Stochastic Models | 2004
B. Van Houdt; Chris Blondia
Abstract This paper presents an improved method to calculate the delay distribution of a type k customer in a first-come-first-serve (FCFS) discrete-time queueing system with multiple types of customers, where each type has different service requirements, and c servers, with c = 1, 2 (the MMAP[K]/PH[K]/c queue). The first algorithms to compute this delay distribution, using the GI/M/1 paradigm, were presented by Van Houdt and Blondia [Van Houdt, B.; Blondia, C. The delay distribution of a type k customer in a first come first served MMAP[K]/PH[K]/1 queue. J. Appl. Probab. 2002, 39 (1), 213–222; The waiting time distribution of a type k customer in a FCFS MMAP[K]/PH[K]/2 queue.

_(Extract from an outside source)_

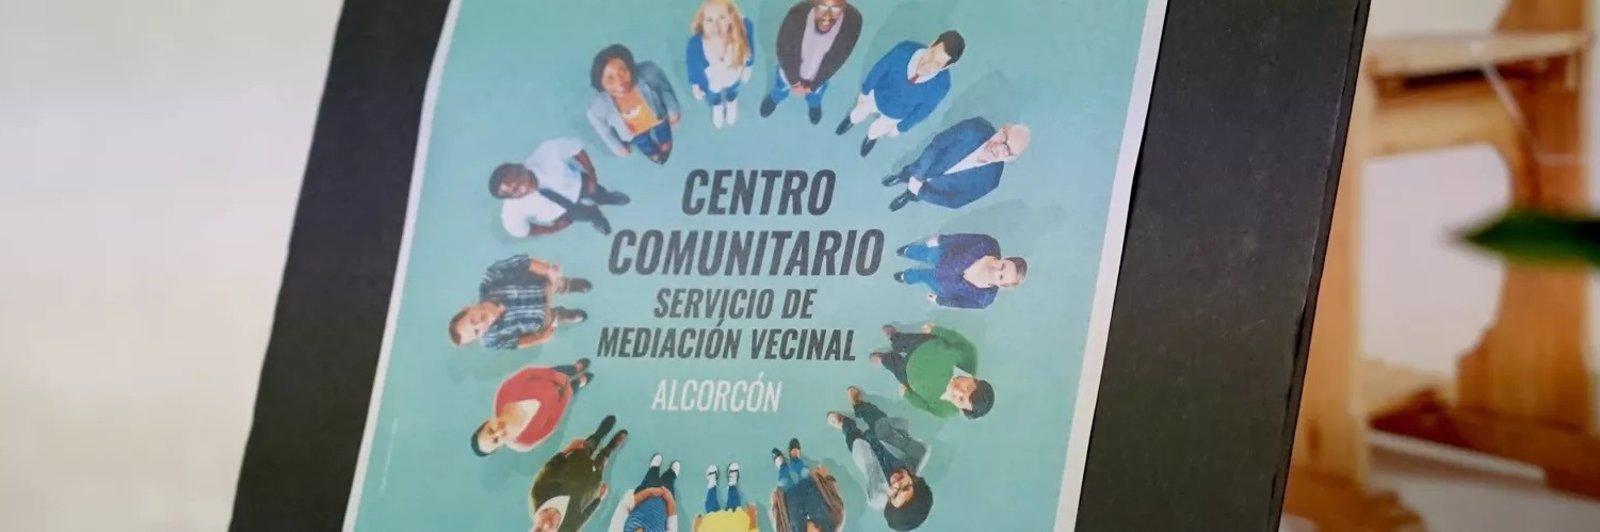 El Servicio de Mediación Vecinal e Intervención Comunitaria de Alcorcón cumple un año
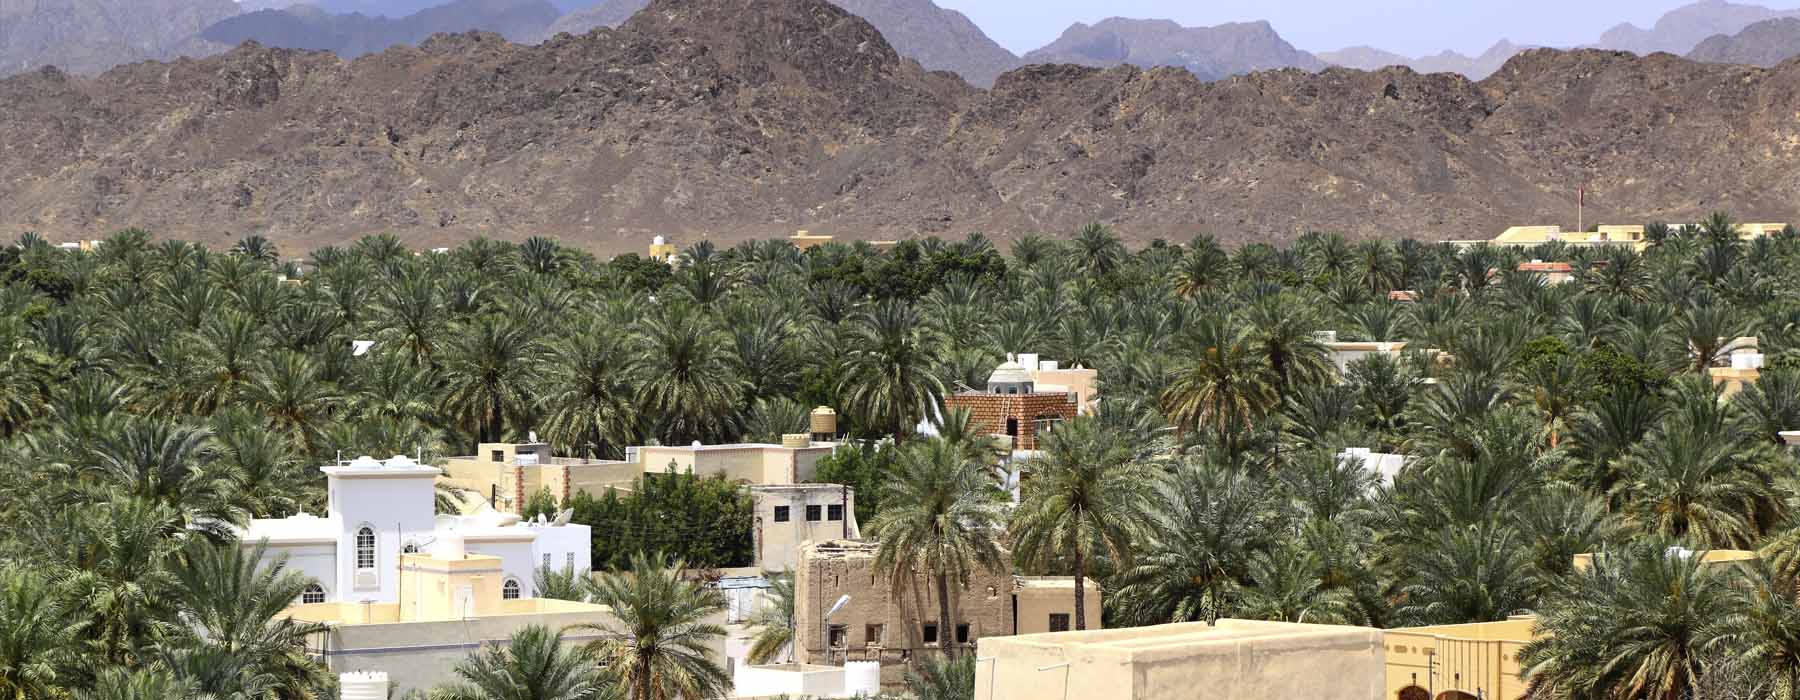 Oman<br class="hidden-md hidden-lg" /> Honeymoons

Technical Report; 2002]. The two most limiting properties of these algorithms are: (i) the computation of the rate matrix R related to the GI/M/1 type Markov chain, (ii) the amount of memory needed to store the transition matrices A l and B l . In this paper we demonstrate that each of the three GI/M/1 type Markov chains used to develop the algorithms in the above articles can be reduced to a QBD with a block size which is only marginally larger than that of its corresponding GI/M/1 type Markov chain. As a result, the two major limiting factors of each of these algorithms are drastically reduced to computing the G matrix of the QBD and storing the 6 matrices that characterize the QBD. Moreover, these algorithms are easier to implement, especially for the system with c = 2 servers. We also include some numerical examples that further demonstrate the reduction in computational resources.